Les enlèvementsJeudi 28 mars 1985, 13h30. Le dessinateur industriel Santiago Nattino, 63 ans, marche tranquillement dans la rue Badajoz. Soudain un homme surgit d’une encoignure de porte et le met en joue avec un revolver : « Police ! » Surpris, Nattino se retourne mais l’homme le pousse sans ménagement dans une voiture. Le véhicule disparaît à toute vitesse devant plusieurs témoins médusés.

 LE CAS DES TROIS ÉGORGÉS

Même jour, 18h. Le siège de l’AGECH (Association des enseignants chiliens) du 75 rue de Londres, en plein Santiago, est presque désert. Trois professeurs et la secrétaire s’apprêtent à quitter les lieux lorsque deux véhicules s’arrêtent brusquement devant la porte.  Trois hommes armés font irruption dans la pièce, saccagent tout puis entassent les enseignants et la secrétaire dans les voitures qui disparaissent sous le regard atterré de plusieurs passants.

Vendredi 29 mars. Dans la rue Los Leones de la commune de Providencia à Santiago, comme tous les matins, les parents conduisent leurs enfants au Collège latino-américain. Le professeur José Manuel Parada, 35 ans, qui accompagne sa fille Javiera, s’étonne vaguement de l’absence du policier qui règle habituellement la circulation. Mais ce matin justement, il y a peu de voitures. Peut-être des travaux en cours quelque part...

À la porte du collège, Parada salue Manuel Guerrero, inspecteur de l’établissement. Les deux hommes se connaissent depuis longtemps : ils appartiennent au même parti politique, clandestin depuis que les partis ont été interdits par la Junte. Ils sont également membres de l’AGECH. Les deux hommes partagent leur inquiétude pour leurs collègues enlevés la veille. Qui les a séquestrés ? Sont-ils toujours vivants ? Ils sont persuadés qu’il s’agit d’un « travail » de la CNI.

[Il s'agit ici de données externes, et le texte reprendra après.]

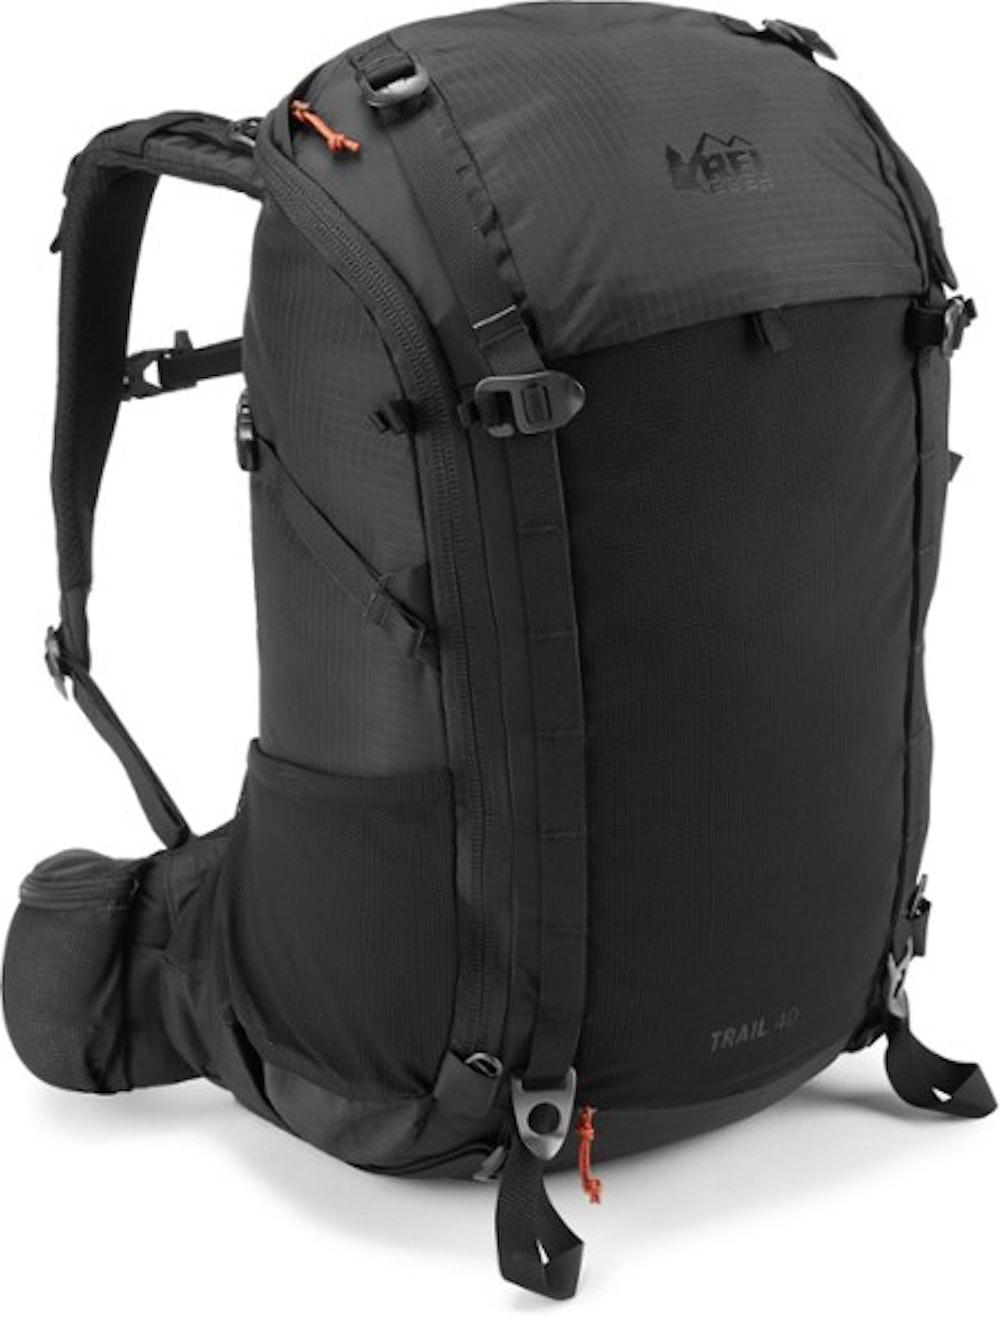 Trail 40 Pack

Alors que les deux hommes conversent , un bruit sourd et lointain attire leur attention : un hélicoptère. Sûrement une de ces « opérations » dont les polices du régime semblent si friandes.

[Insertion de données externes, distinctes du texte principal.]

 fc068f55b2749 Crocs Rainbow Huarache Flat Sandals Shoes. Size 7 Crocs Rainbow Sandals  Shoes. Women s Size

Tout à coup, trois voitures dévalent la rue à fond de train et s’arrêtent pile devant les deux hommes. Quatre individus en jaillissent, se précipitent sur Parada et Guerrero et veulent les forcer à entrer dans les voitures. Parada, surpris, est rapidement entraîné et jeté sur la banquette arrière, mais Guerrero résiste. Juste à ce moment, le professeur Leopoldo Muñoz arrive sur les lieux. Quand il se précipite à l’aide de ses collègues, il est froidement abattu d’une balle en pleine poitrine. Muñoz s’effondre au milieu des cris d’horreur et de panique des enfants et de leurs parents. Les trois véhicules démarrent en trombe avec les deux prisonniers laissant derrière eux la confusion la plus totale et un professeur agonisant.

Le 30 mars, trois agriculteurs découvrent trois corps près de l’aéroport. Tous ont la gorge béante, ouverte d’un coup de couteau. Il s’agit de Nattino, Parada et Guerrero.

Les familles contactent le service juridique du Vicariat de la solidarité qui introduit un recours auprès des tribunaux pour que la justice nomme « un ministre en visite », sorte de juge d’instruction ayant toute liberté d’action pour une enquête particulière. Tous les avocats du Vicariat signent le document. Par ce geste, c’est toute l’Église qui fait pression. Bien que communiste, José Manuel Parada travaillait au service de recherche du Vicariat. Face à la répression impitoyable, certaines barrières traditionnelles étaient tombées et des gens de tendances très différentes n’hésitaient pas à coopérer dans la lutte contre la dictature.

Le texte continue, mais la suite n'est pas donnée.